Clarified the use of the DataLink vocabulary in the semantics column of the links table.
Changed the links table output constraints to allow only one of: access_url, service_def, or error_message. This removes the possible inconsistency of access_url in the table being different from accessURL in a service descriptor referenced by use of service_def and reduces service use by clients to a single supported approach.
Added specific datatype=:raw-latex:allowbreak”long” to the content_length field in the links table.
Moved VOSpace-2.0 service descriptor to be a separate example and made it explicit that all the necessary details to invoke such a RESTful service is not supported in this version of the specification; clients must recognise the standardID to use RESTful web services.
5.5 PR-DataLink-20140530#
Changed document status to proposed recommendation.
Removed REQUEST parameter
Added custom service example.
Removed standard authentication and authorization error messages since these are difficult to implement consistently in different web service platforms. Changed the error message strings to use the word Fault (following GWS-WG usage, e.g.
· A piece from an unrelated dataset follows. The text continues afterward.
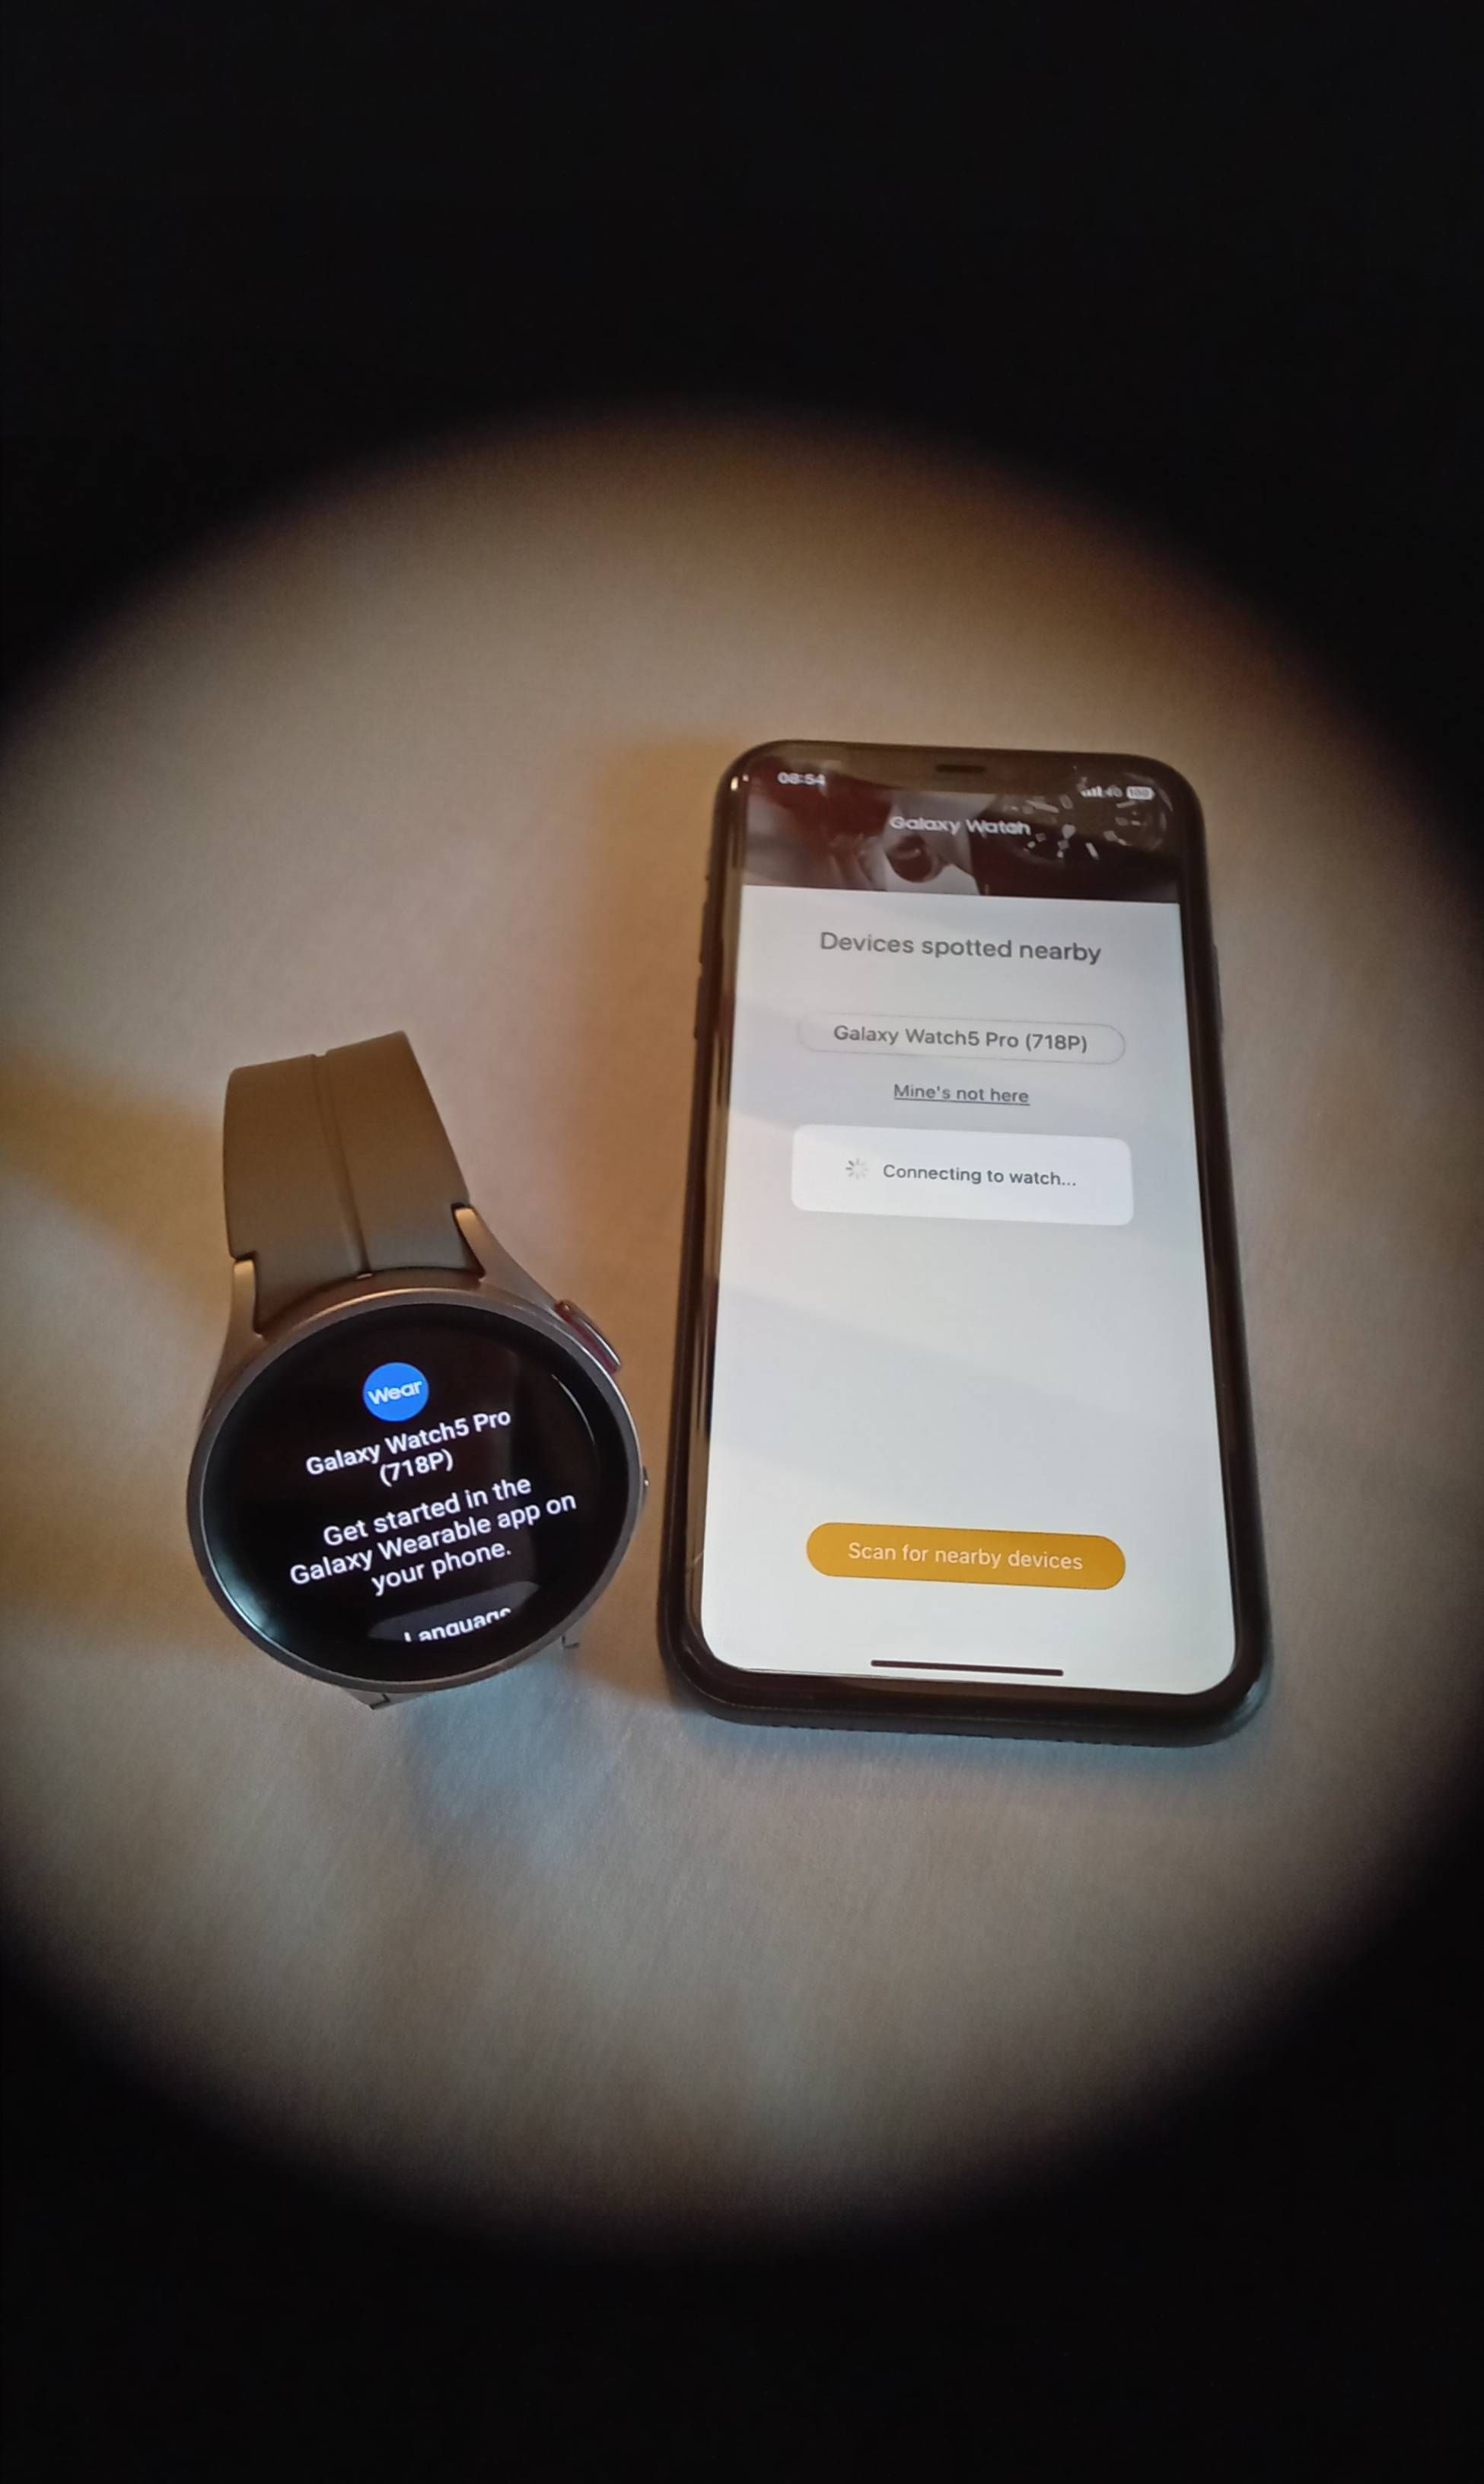 Can't connect using Samsung Watch App on iPhone 11 - Samsung Community
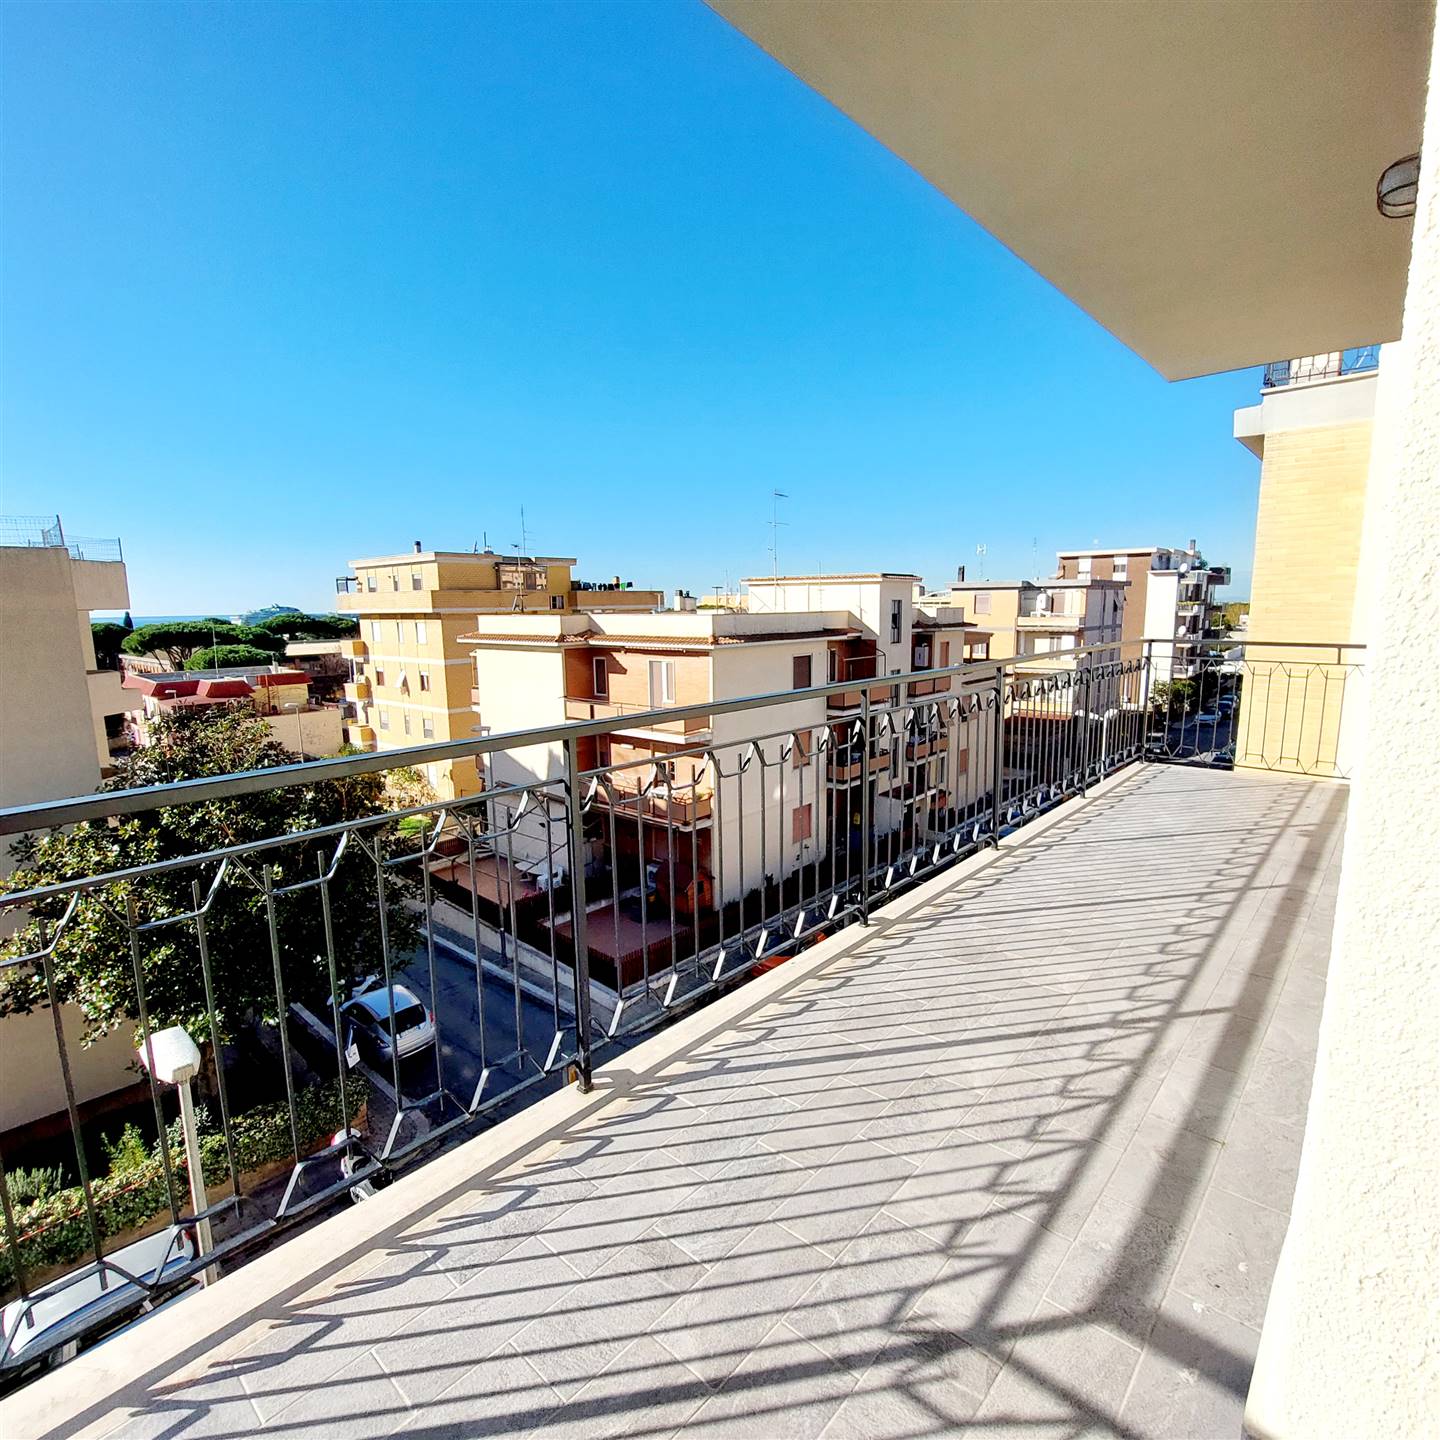 CAPPUCCINI, CIVITAVECCHIA, Apartment for sale of 79 Sq. mt., Habitable, Heating Individual heating system, Energetic class: G, Epi: 175 kwh/m2 year, placed at 3°, composed by: 4.5 Rooms, Separate

VOSpace-2.0) since Error has specific meaning in some platforms.
5.6 WD-DataLink-20140505#
Changed the standardID for the {links} resource to include version as will be described in the StandardsRegExt record.
Changed service descriptor resource to use type=:raw-latex:allowbreak”meta” utype=:raw-latex:allowbreak”adhoc:service” so VOTable documents pass schema validation and this resource type can still be easily found.
Improved the VOSI-capabilities example so it describes all parameters of the example DataLink service.
Removed unnecessary HTTP header advice and clarified the strict DataLink mimetype usage.
Removed mention of DALI-examples since it is an optional feature for all services.
Changed name of the input parameters group element in a service descriptor to inputParams.
Fixed reference to DALI document.
Added SIA-1.0 resource desciptor example.
Tried to clarify the relationship of the two aspects of DataLink in the introduction.
Specifically allow access_url in the list of links to be different from accessURL in the service descriptor, with VOSpace example.
5.7 WD-DataLink-20140212#
Clarified that one can implement a standalone DataLink service or include {links} resources in other services.
Re-ordered sections 2–5 so all the sections describing the {links} capability are together.
Changed from GROUP with PARAM and FIELDref siblings to PARAM with ref attribute when defining a parameter-column-with-values in section 4.1 Service Resources.
Clarified the introduction so it is clear we intend to support linking of any services via RESOURCE(s) in any responses.
Changed the output of {links} resource to clearly differentiate between links with usable accessURL and links where the accessURL is a service that requires more parameters. Changed the naming style for fields in the list of links to use lower case with underscore separator so that direct potential implementations don’t run into case issues.